The Old Testament book of Jeremiah offers a wealth of material on the theme of “suffering and dying”. The weeping prophet asks, “Is there no Balm in Gilead? Is there no Physician there? Then why has no new skin grown over their wound? Would that my head were water, my eyes a fountain of tears, that day and night I might weep for the slain of my daughter—my people!” (Jer. 8:22-23). Jeremiah as a prophet of God was both delivering a message of judgment and sharing in the sufferings of the people.
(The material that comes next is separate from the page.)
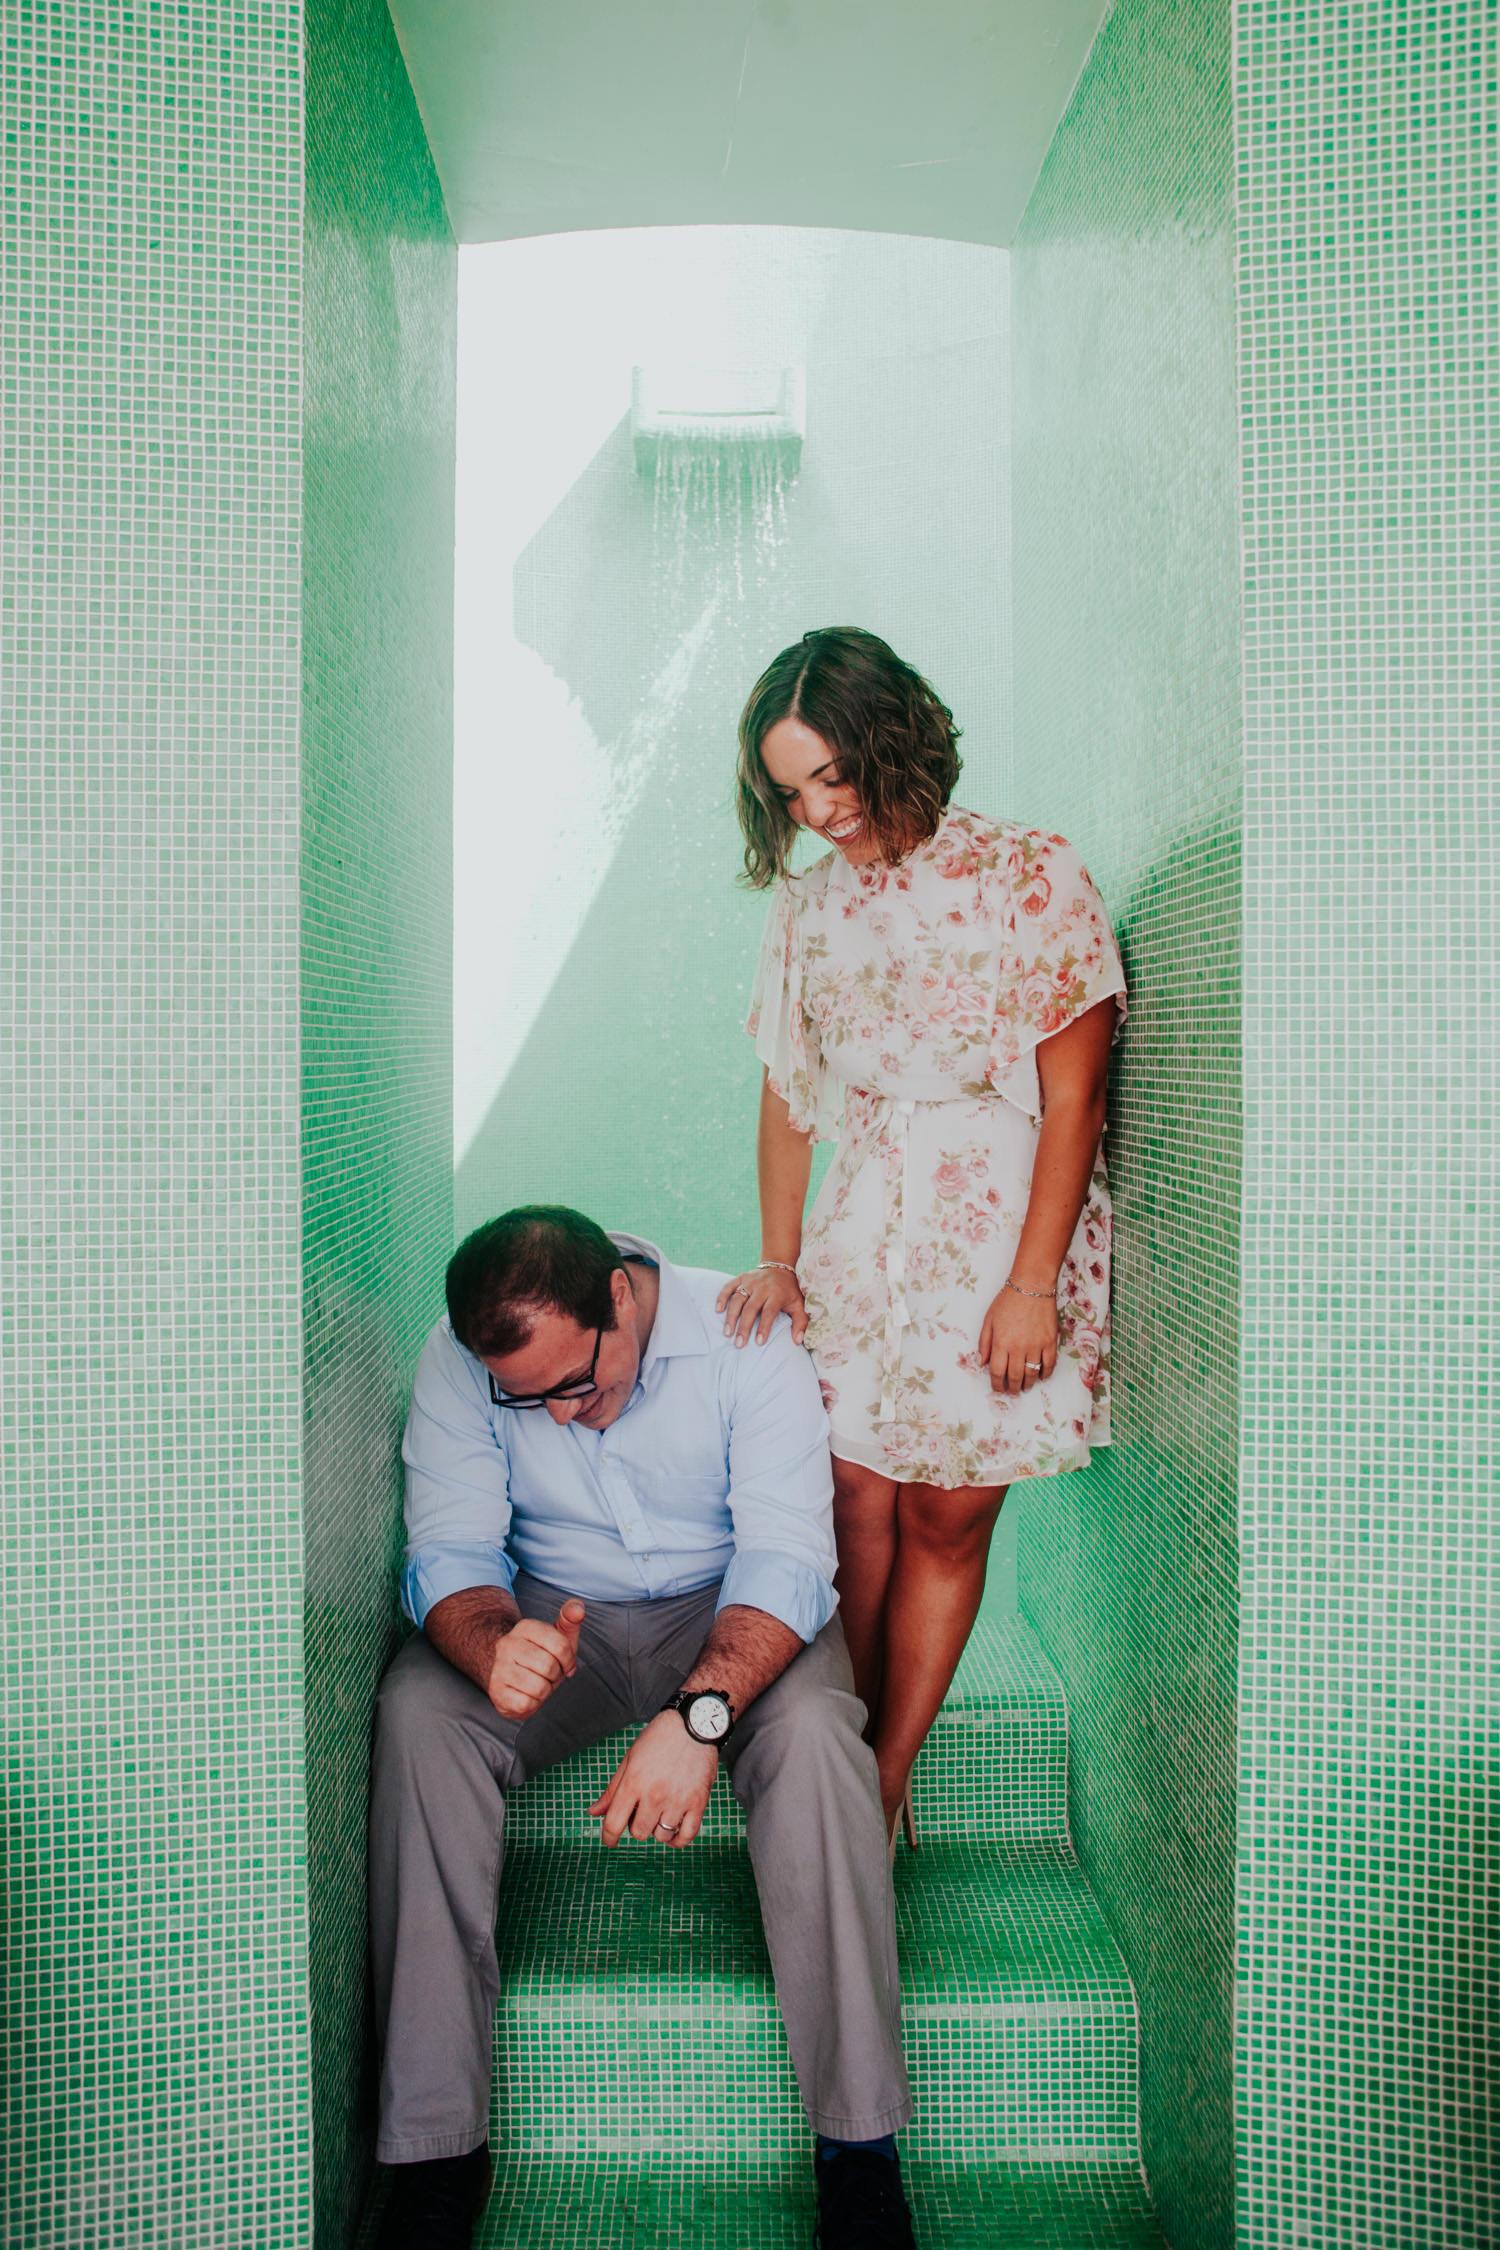 Fotografo-Boda-Hotel-Condesa-DF-Mexico-CDMX-Photography-Wedding-Pierce-19.jpg

This combination of “love and anguish” is peculiarly seen in the book of Jeremiah. God’s people are broken. The prophet Jeremiah is broken. It is the Balm of Gilead that is the medicine for the healing of a broken people. “But Gilead’s balm and the doctor’s care was not enough for the deep wound inflicted on the people”. Jeremiah is going to identify with the cry of the exiles anticipated in the book.



Hospice takes into account the suffering of the patient and family. For Christians, they should not be afraid of investigating the hospice program when needed. It may offer much needed care to you and your family.